Rocket Lab is a US aerospace corporation with a New Zealand subsidiary. Rocket Lab's mission is to develop lightweight, cost-effective commercial rocket launch services. The Electron Program was founded on the premise that small payloads such as CubeSats require dedicated small launch vehicles and flexibility not currently offered by traditional rocket systems. Electron, Rocket Lab's lightweight launch vehicle, is designed to service the small satellite market with dedicated, high-frequency launch opportunities. Electron is capable of delivering payloads of 150 kg to a 500 km Sun-synchronous orbit.

The Electron test program is scheduled to begin in early 2017, with commercial flights commencing later in the year at a starting price of US$4.9 million.

Rocket Lab was founded in 2006 by CEO and CTO Peter Beck. Internet entrepreneur Mark Rocket was the seed investor and co-Director from 2007 to 2011. In 2009 Rocket Lab claimed it had become the first private company in the Southern Hemisphere to reach space with the Ātea-1 sounding rocket, a claim which was not supported with flight data as the rocket had no telemetry downlink and was not recovered.

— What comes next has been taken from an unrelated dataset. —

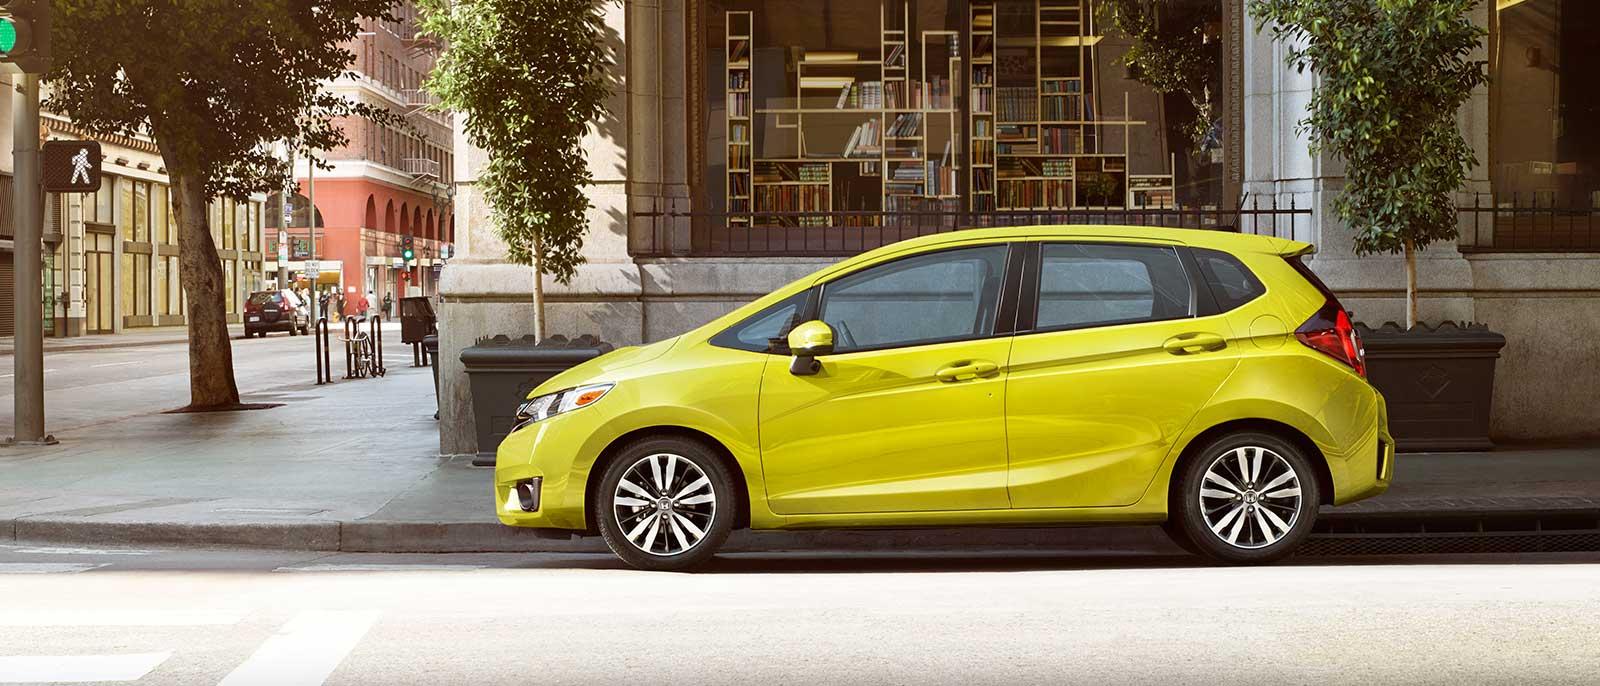 2017 Honda Fit profile in yellow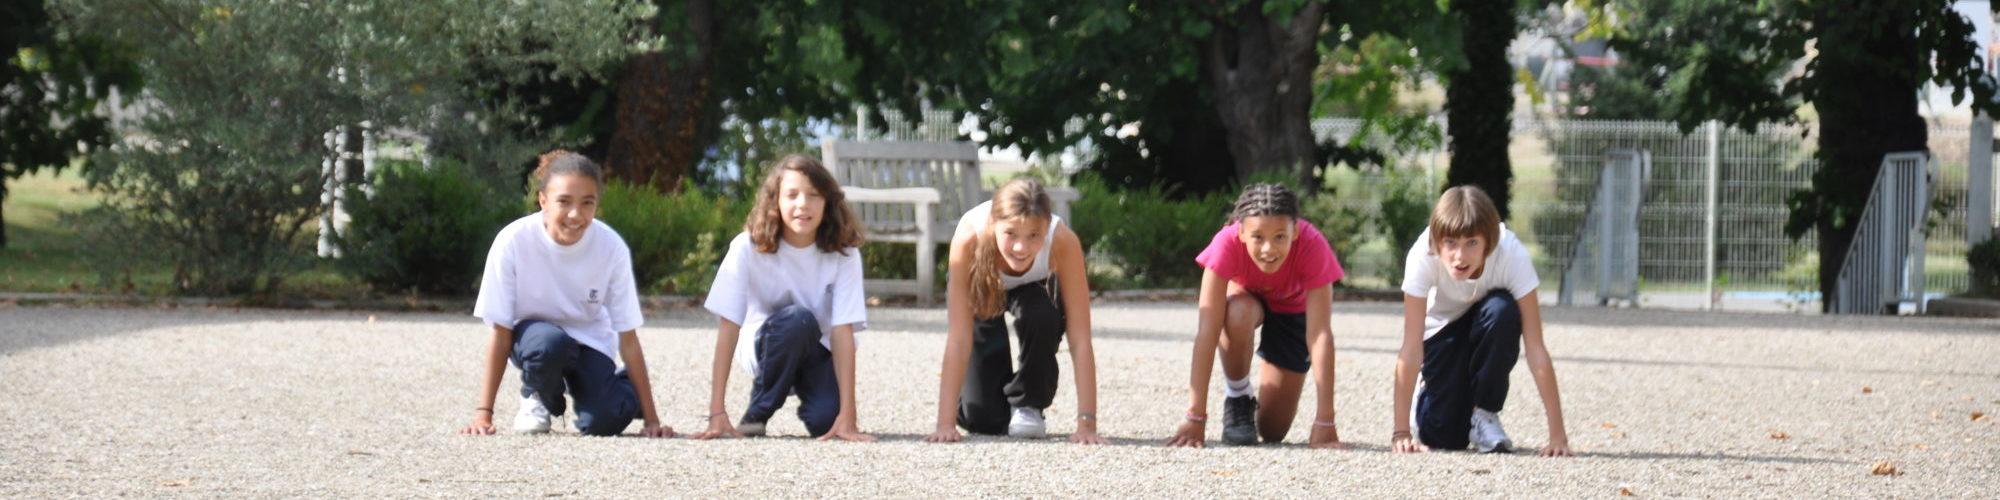 eleve en train de faire du sport au chateau Vaillant internat college lycee esport

In December 2010 Rocket Lab was awarded a U.S. government contract from the Operationally Responsive Space Office (ORS) to study a low cost space launcher to place nanosatellites into orbit.

Funding was obtained from Khosla Ventures in 2013, and Callaghan Innovation and Bessemer Venture Partners in 2014. In March 2017, the company announced that it had raised an additional US$75 million in a Series D equity round led by Data Collective with participation by Promus Ventures and several previous investors.

The first launch of the Ātea-1 (Māori for 'space') suborbital sounding rocket occurred in late 2009. The 6-metre (20 ft) long rocket weighing 60 kg was designed to carry a 2 kg payload to an altitude of 120 km. It was intended to carry scientific payloads or possibly personal items.